In the World Series setting, a bullpen game just feels wrong | ET REALITY

[ad_1]

The Athletic has live coverage of Rangers vs. Diamondbacks in Game 5 of the World Series

PHOENIX — Game 4 of the World Series should have come with a Halloween warning label: Overuse of overmatched relief pitchers. May not be suitable for die-hard fans.

There were 11 hits from the winning team, 12 hits from the losing team, 13 pitchers in total, and it could have taken 14 hours, if not for the shot clock.

That’s a modern innovation that kept the Texas Rangers’ 11-7 rout of the Arizona Diamondbacks tolerable: It ended in less than 200 minutes. Then again, so was “Waterworld,” and audiences didn’t like that either.

With wild card winners and low-wattage superstars, this World Series always had the challenge of capturing provincial fans in coastal markets. However, the first three games were convincing and an Arizona victory in Game 4 would have ensured that the Series would extend to at least six games for the fifth consecutive year.

Now the Rangers are leading, three games to one, with a chance to clinch their first title in Game 5 on Wednesday. Fortunately, it’s a rematch between experienced starting pitchers, Nathan Eovaldi for Texas and Zac Gallen for Arizona. This time there are no openers.

The first game, before it was called that, was once a charming part of World Series history: 99 years ago, the Washington Senators started Game 7 with a little-used right-hander, Curly Ogden, hoping to attract the New York Giants to load their lineup. with lefties. Ogden faced only two batters, so there was no three-batter minimum! – before giving way to a lefty, and the senators won.

Now, of course, the opener is a common tactic, popularized by the Tampa Bay Rays, baseball’s low-budget learning laboratory. We’ve had bullpen games several times in the recent World Series (from the Rays and Dodgers in 2020 and from the injury-ravaged Braves in 2021) and the Diamondbacks embraced the idea for Game 4.

“You’re giving guys different looks all game long,” said Joe Mantiply, the left-hander who got the first four outs for Arizona on Tuesday. “Every hitter never sees the same guy twice. Obviously, what Ryne (Nelson) did tonight was huge; he stepped up and ate five entrees for us. But the strategy is to limit the number of at-bats guys get from the same guy.”

To look at the score is to wonder why Nelson didn’t just start. Called on in the fourth with his team trailing by 10 runs, Nelson worked 5 1/3 innings, allowing one run and striking out six with no walks. It would have been a credible start.

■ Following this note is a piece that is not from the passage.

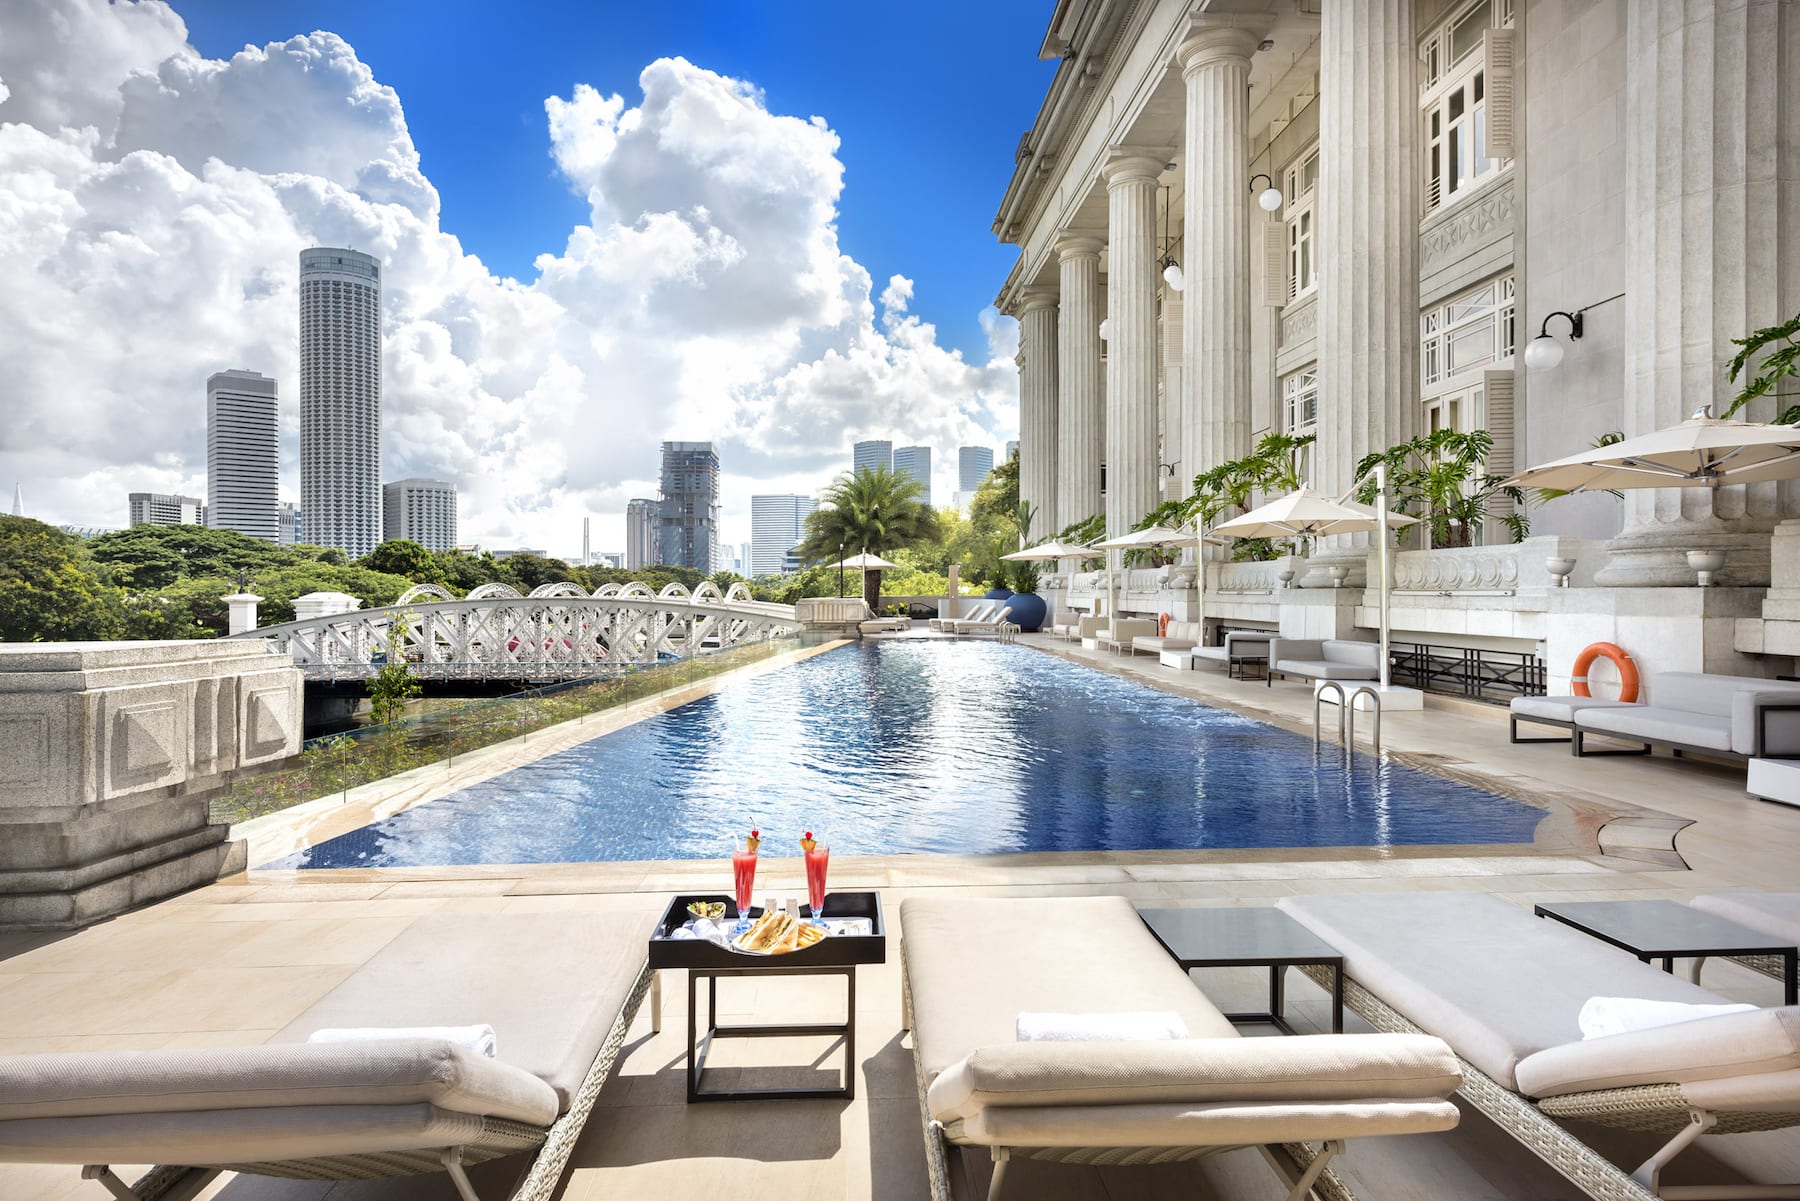 https://uluxeimages.uniqluxe.com/2020/08/the-fullerton-hotel-singapore-swimming-pool.jpg

Nelson made 27 starts this season and had a 5.31 ERA, not great, but better than Brandon Pfaadt’s 5.72. Pfaadt has thrived primarily as a starter this postseason, but Nelson has been buried in the bullpen and has struggled in the playoffs.

Nelson acknowledged that he had stepped away from a larger role; Demoted to the minors in August, he didn’t show enough down the stretch to be trusted as a starter. If he had, perhaps his effort in Game 4 might have mattered more.

“That’s the frustrating part for me,” Nelson said. “If I had earned it, maybe this game would have ended differently.”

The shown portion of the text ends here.